The economic effects of enterprise zone programs on local labor markets: Two essays

Date of Award

2001

Degree Type

Dissertation

Degree Name

Doctor of Philosophy (PhD)

Department

Social Sciences

Advisor(s)

John Yinger

Keywords

Enterprise zone, Labor markets, Fiscal incentives, California Enterprise Zone Program, California

Subject Categories

Economics | Social and Behavioral Sciences | Urban Studies and Planning

Abstract

Enterprise Zones have been one of the most prominent economic development tools used at the state and local levels of government in the United States during the 1980s and 1990s. Yet with close to twenty years of use, there is little definitive evidence of their efficacy. This dissertation is presented in two distinctive parts or essays.

In the first essay a economic model used from the public finance literature is applied to determine the employment and wage effects from enterprise zones. The limitations of the model motivated the development of a new model that more accurately reflects the economic behavior of the economic agents associated with enterprise zones. Analytical solutions are derived for both models and some comparative static results are discussed. Given the lack of precision from the analytical solutions, numerical simulations are run for a plausible range of the key variables. The numerical results indicate that at best employment changes associated with enterprise zones are the result of labor mobility and may not result in a net economic gain. The essay ends with a discussion of how the results of this study could be used in the design of enterprise zone programs.

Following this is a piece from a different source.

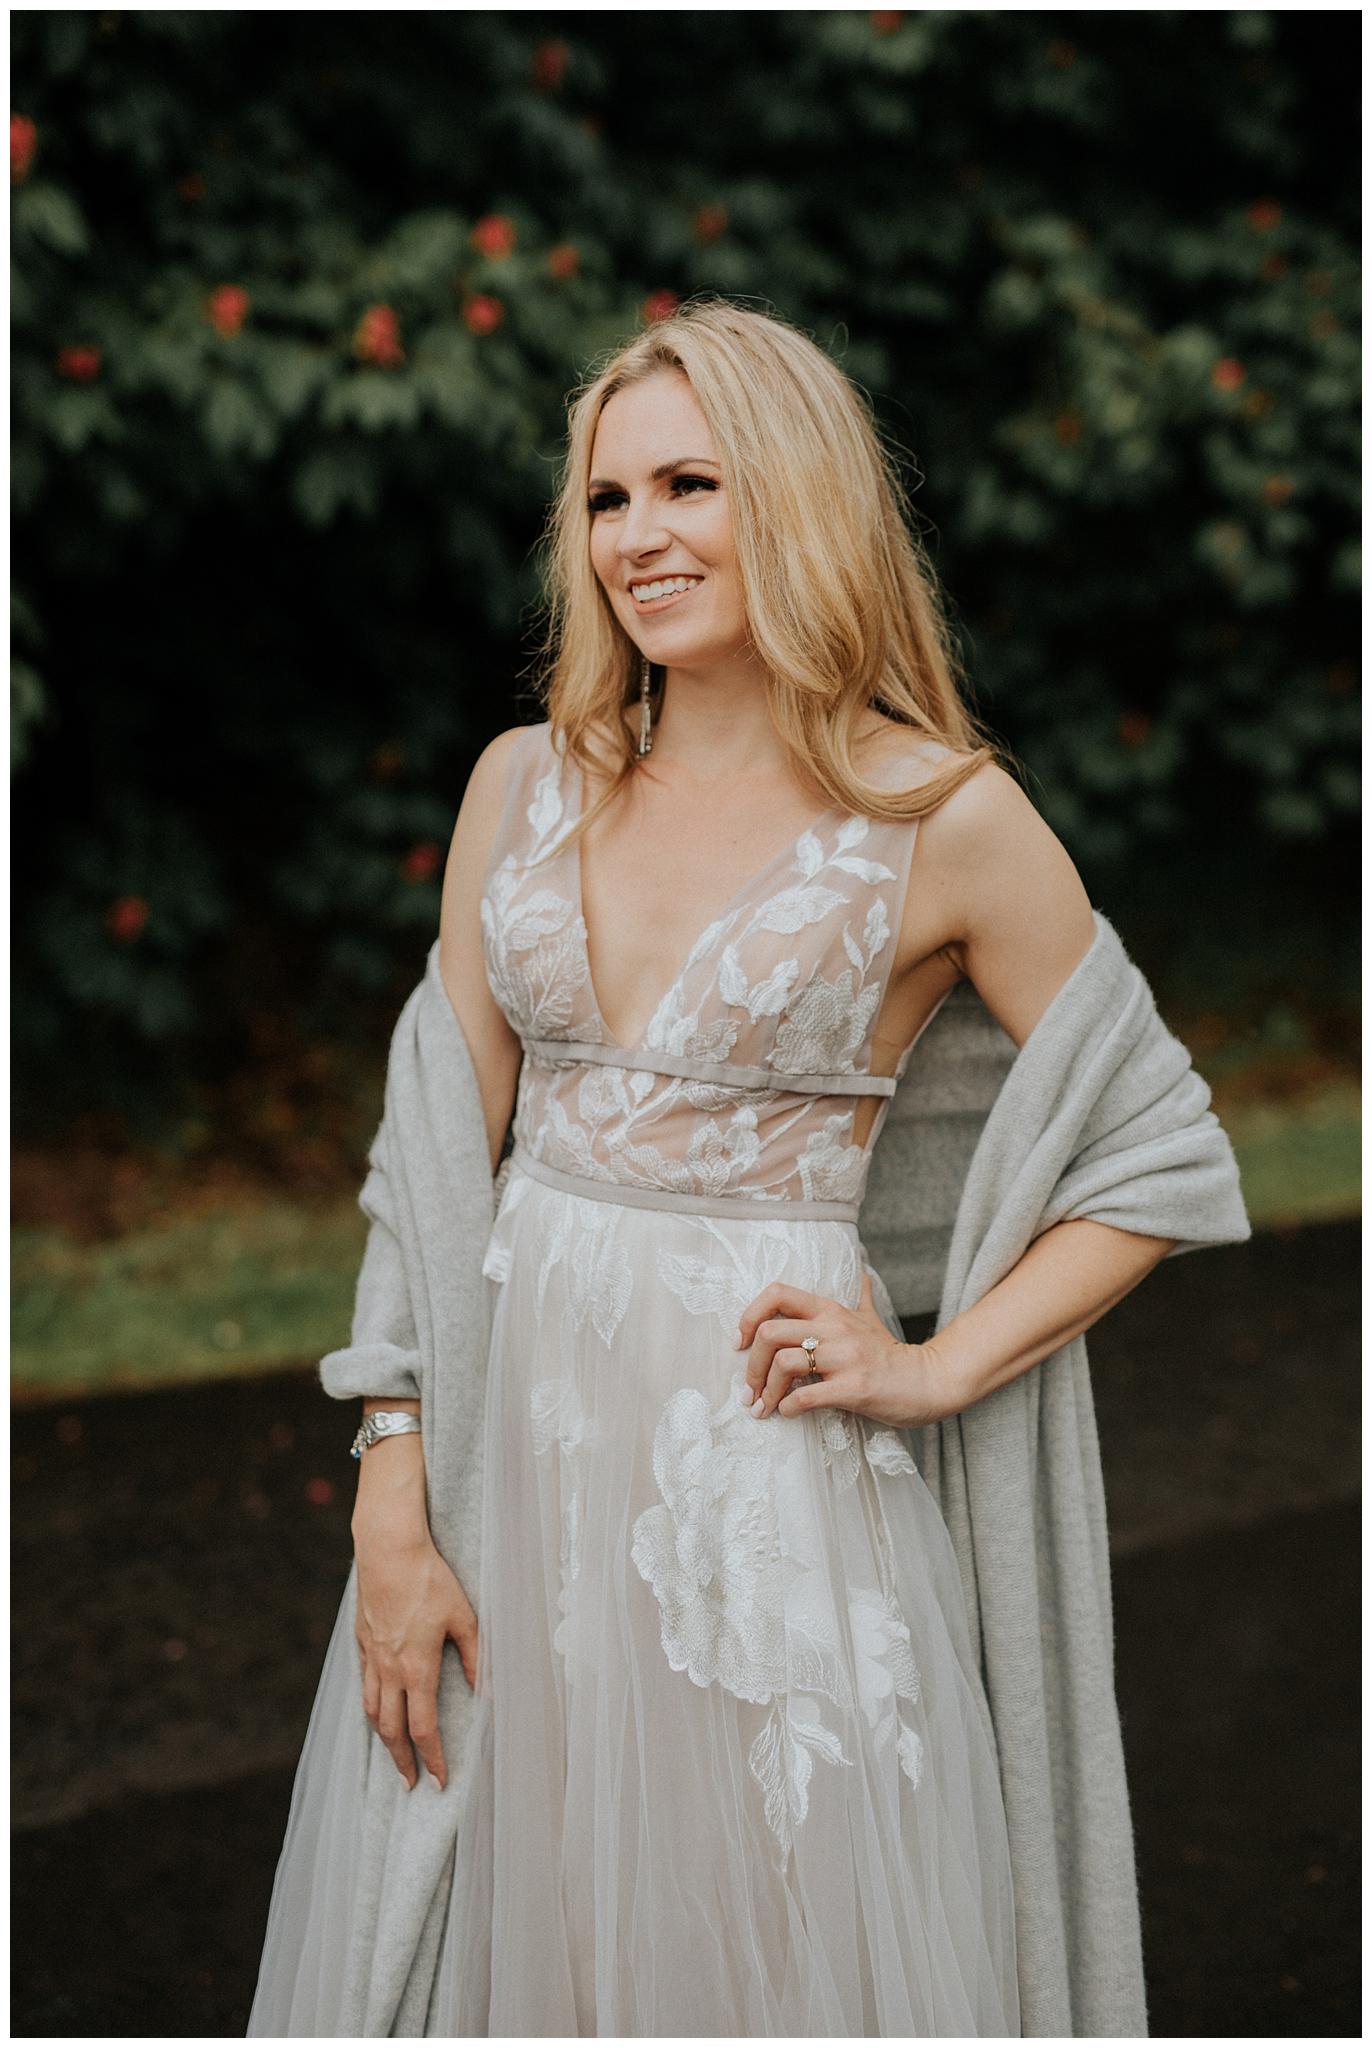 austin-texas-scottish-wedding-bride-groom21992.JPG

The second essay provides an empirical test of the employment effects of the California Enterprise Zone Program. The research design utilizes a constructed comparison group and analyzes employment changes over a ten year period. Employment date is estimated for zip codes with enterprise zones and the comparison group. Fixed effects estimation techniques on panel data are used determine if employment changes are statistically significant. The results indicate that there are no statically significant effects on employment changes due to the enterprise zone program. The essay ends with some suggestion for further study.